2.2 Multi-Agent Orchestration (Explore → Synthesize → Critique)
Ultraplan's cloud session runs a three-phase multi-agent pipeline:
Phase 1 — Parallel Exploration Multiple specialized sub-agents are spawned concurrently, each investigating a different dimension:
ArchAgent: existing codebase structure and design patternsRiskAgent: regression surfaces, risky dependency chains, edge casesFileAgent: concrete file-level modification scopeDepsAgent: downstream consumers, cross-crate or cross-module relationships
Phase 2 — Synthesis
A central planner model aggregates findings from the exploration agents into a unified UltraPlan structure. This is the equivalent of Vox's VoxPlan — a task DAG with assumptions, file-level steps, and risk annotations.
Phase 3 — Critique and Refinement A dedicated critique agent (a second LLM pass) reviews the synthesized plan for:
- Logical gaps and missing steps
- Architecture violations (e.g., methods that don't exist being called)
- Risk under-reporting
- Unnecessary complexity (over-scaffolding)
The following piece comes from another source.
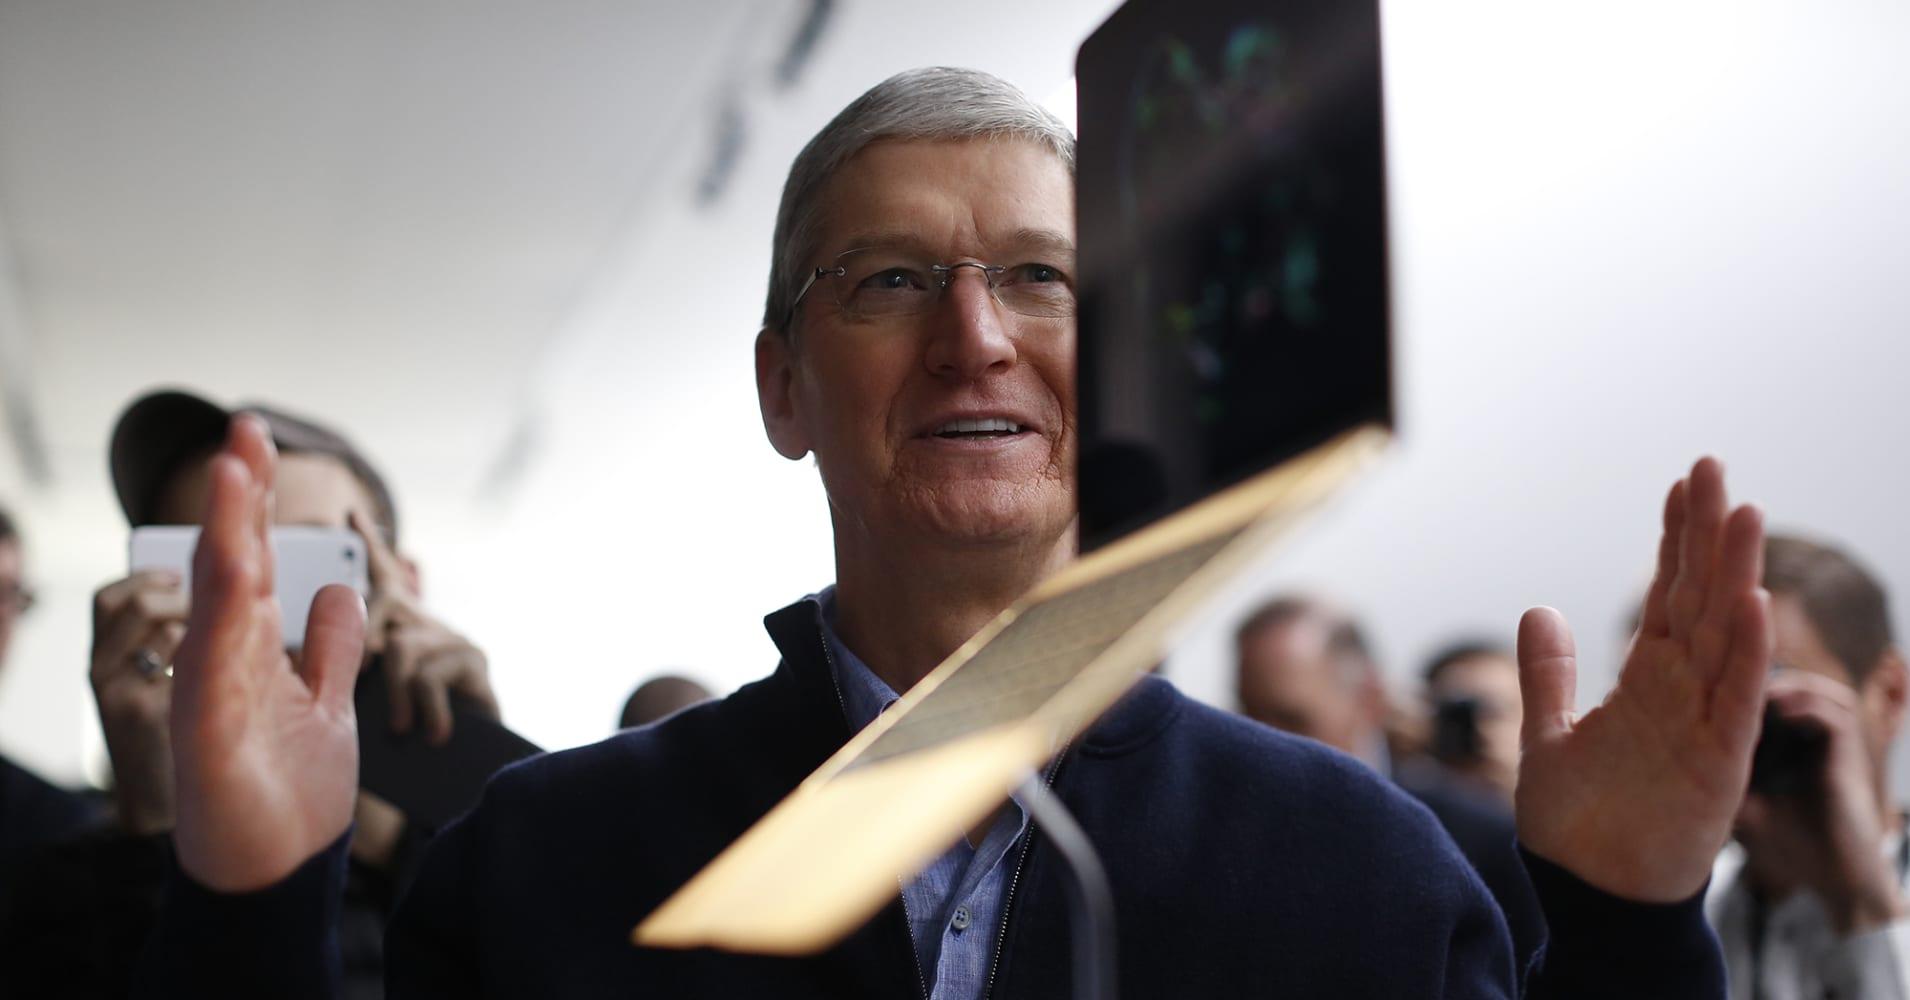 Kuo: Apple to launch MacBook, iPad, monitor with mini LED display

If issues are found, the critique triggers targeted revisions before the plan is delivered. There is no human-in-the-loop during this critique phase.
2.3 Context and Memory
Ultraplan uses a three-layer context compression strategy to manage the context window during long planning sessions:
| Layer | Mechanism | Triggers When |
|---|---|---|
| Micro-compact | Inline token reduction of recent turns | Rolling context approaches 70% capacity |
| Auto-compact | Aggressive summarization of full transcript | Full context window pressure |
| Transcript management | Snapshot serialization to .ultraplan/ dir | Session handoff and resume |
The file-based memory system (memory.md / .ultraplan/) is used as a persistent anchor so cloud planning sessions don't need to re-derive project context from scratch on every invocation.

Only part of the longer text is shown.